Built from 1903 to 1909, the line is a spectacular feat of civil engineering, the highlight of which is the remarkable Pont Gisclard — the only railway suspension bridge in France.
For fans of unusual railways, the old trains are worth the journey alone. In summer, they include open top cars that give an incredible 360-degree view and make this one of the world’s best rail journeys.
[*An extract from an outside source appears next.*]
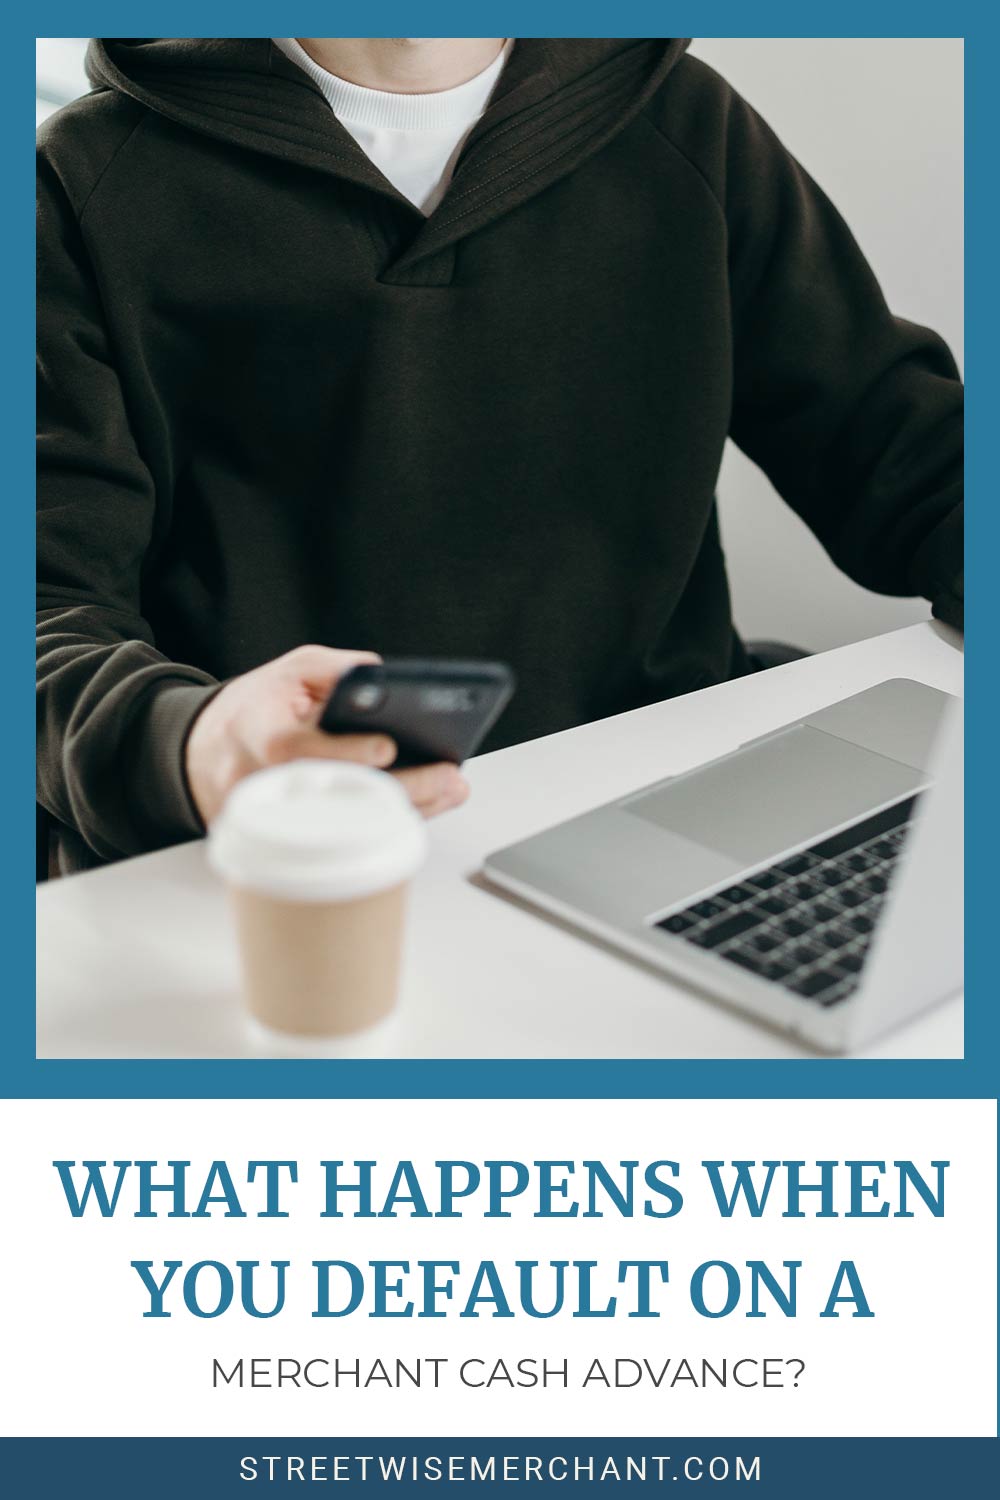 Personn wearing black hoodie workinh on laptop and holding a mobilephone - What Happens When You Default On a Merchant Cash Advance?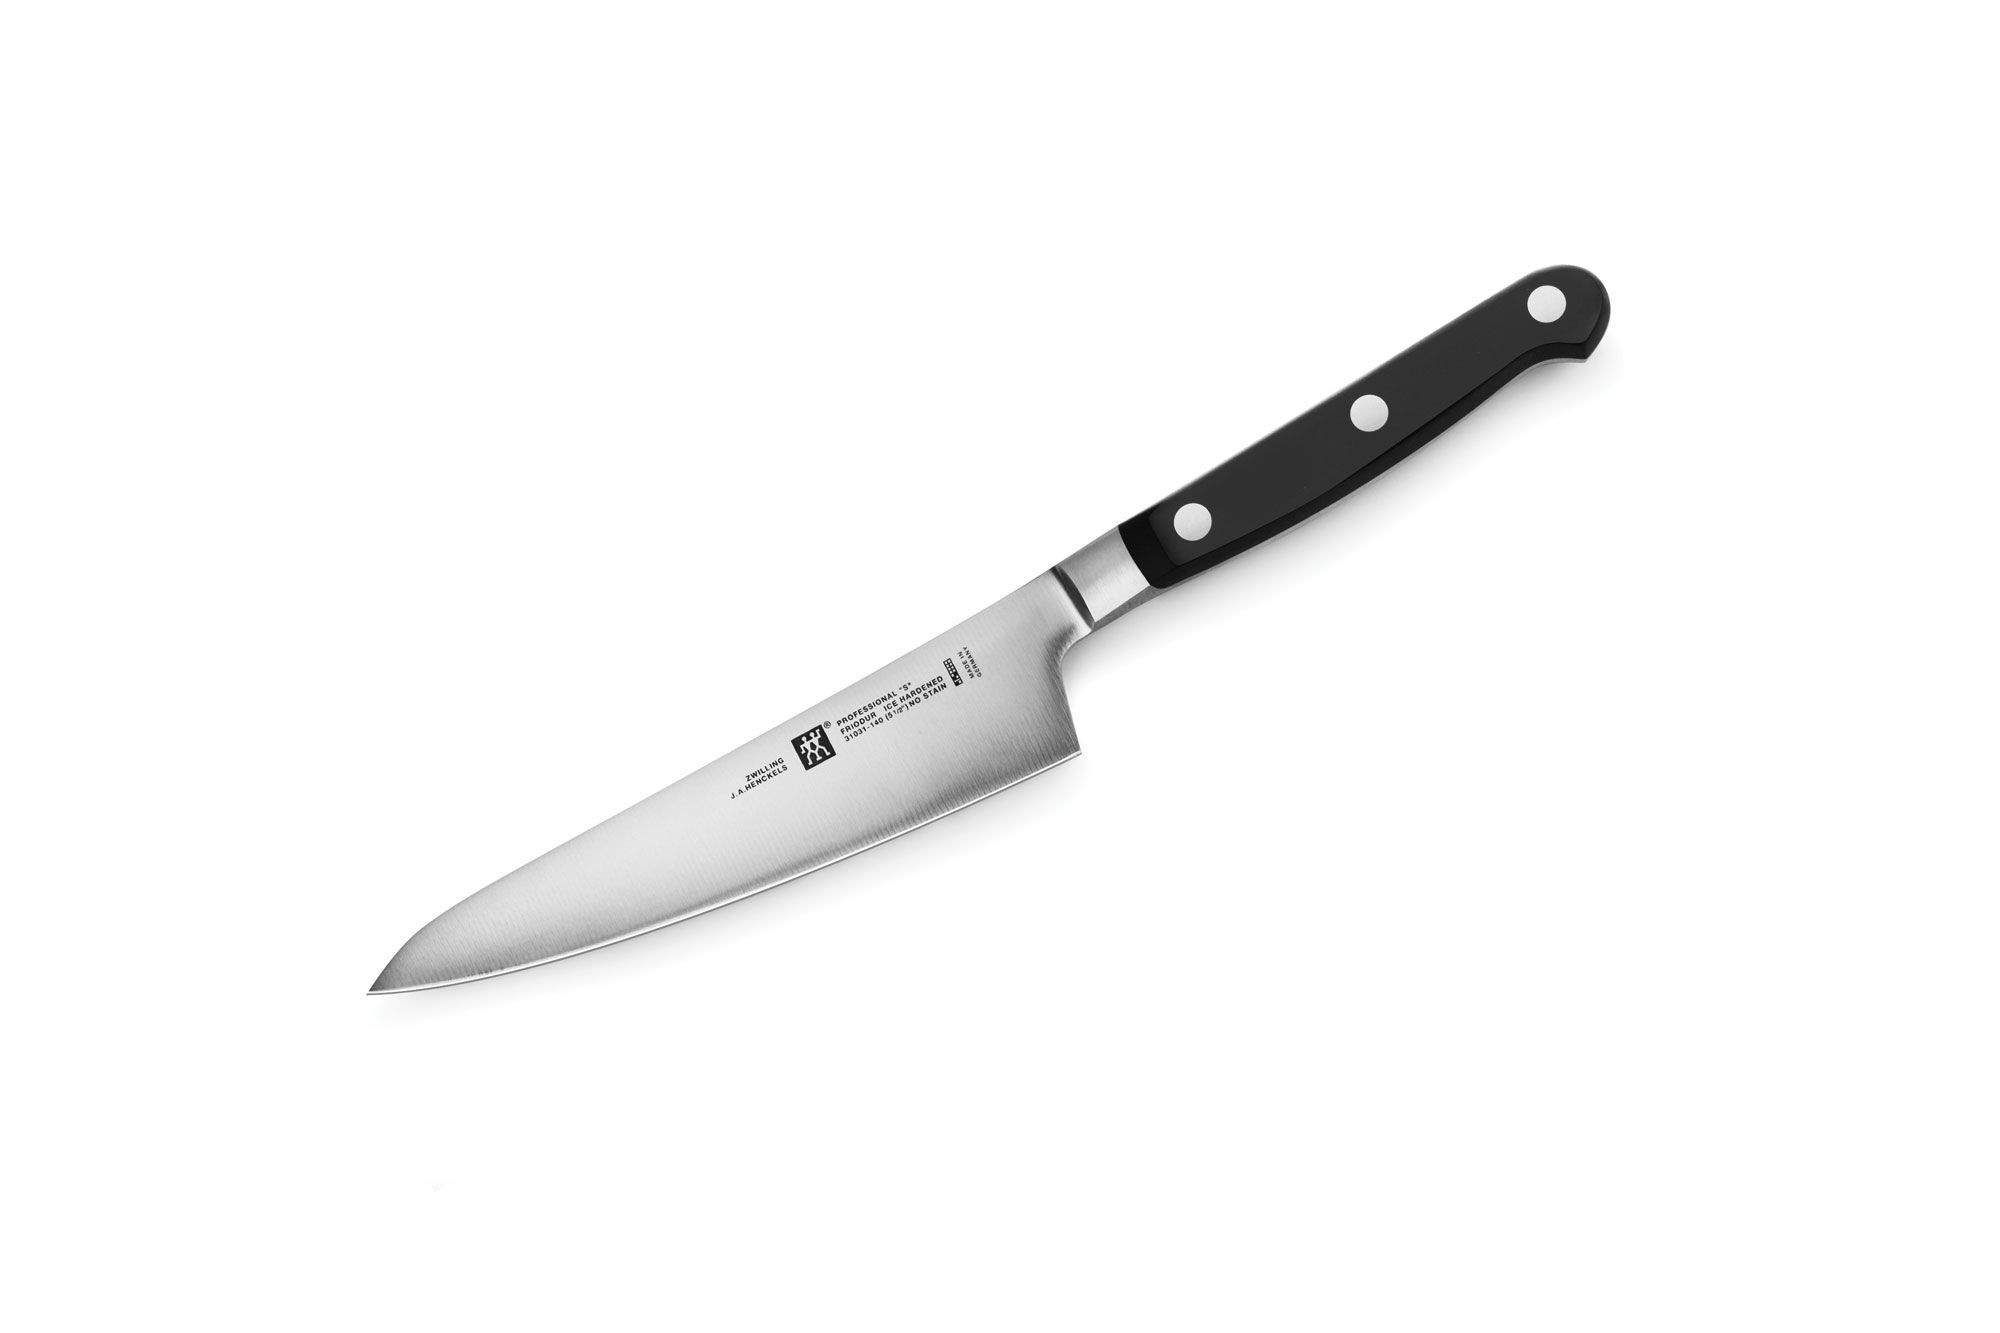 ZWILLING Pro Ultimate Prep Knife, 5.5-inch, Black/Stainless Steel

Seven of the 10 original trains, based on Paris Metro cars, are still in service.
From the summit of the line at Bolquère-Eyne, France’s highest railway station at 1,593 meters (5,226 feet), the line winds its way across a sunny plateau past the frontier town of Bourg-Madame to La Tour-de-Carol, a very unusual station where the main line tracks of Spanish and French railways meet the yellow narrow gauge trains.
It may not be the most famous railway in the world, but you’ll never forget your trip on this spectacular and quirky little train.
The TranzAlpine, New Zealand
TranzAlpine traverses Arthur’s Pass on New Zealand’s South Island.
Sebastian Nebel/EyeEm/Getty Images
New Zealand is far from ideal territory for trains, but it is home to what is undoubtedly one of the world’s greatest railway journeys.
But the bare statistics don’t tell the real story of this incredible experience, which weaves through diverse landscapes ranging from the Canterbury Plains to the snow-capped mountains of the Southern Alps, remote alpine meadows and the lakes, streams and forests of the island’s West Coast.
Swiss-style panoramic carriages allow you to make the most of this wonderful journey but the famous ‘open air carriage’ is the real highlight for many travelers. This open-sided car allows passengers to experience the fresh mountain air first-hand and capture New Zealand’s amazing landscapes on camera.
For a richer experience, TranzAlpine passengers can also now listen to a GPS-triggered audio commentary in English and Mandarin, sharing stories and facts about places along the route, the country and its culture.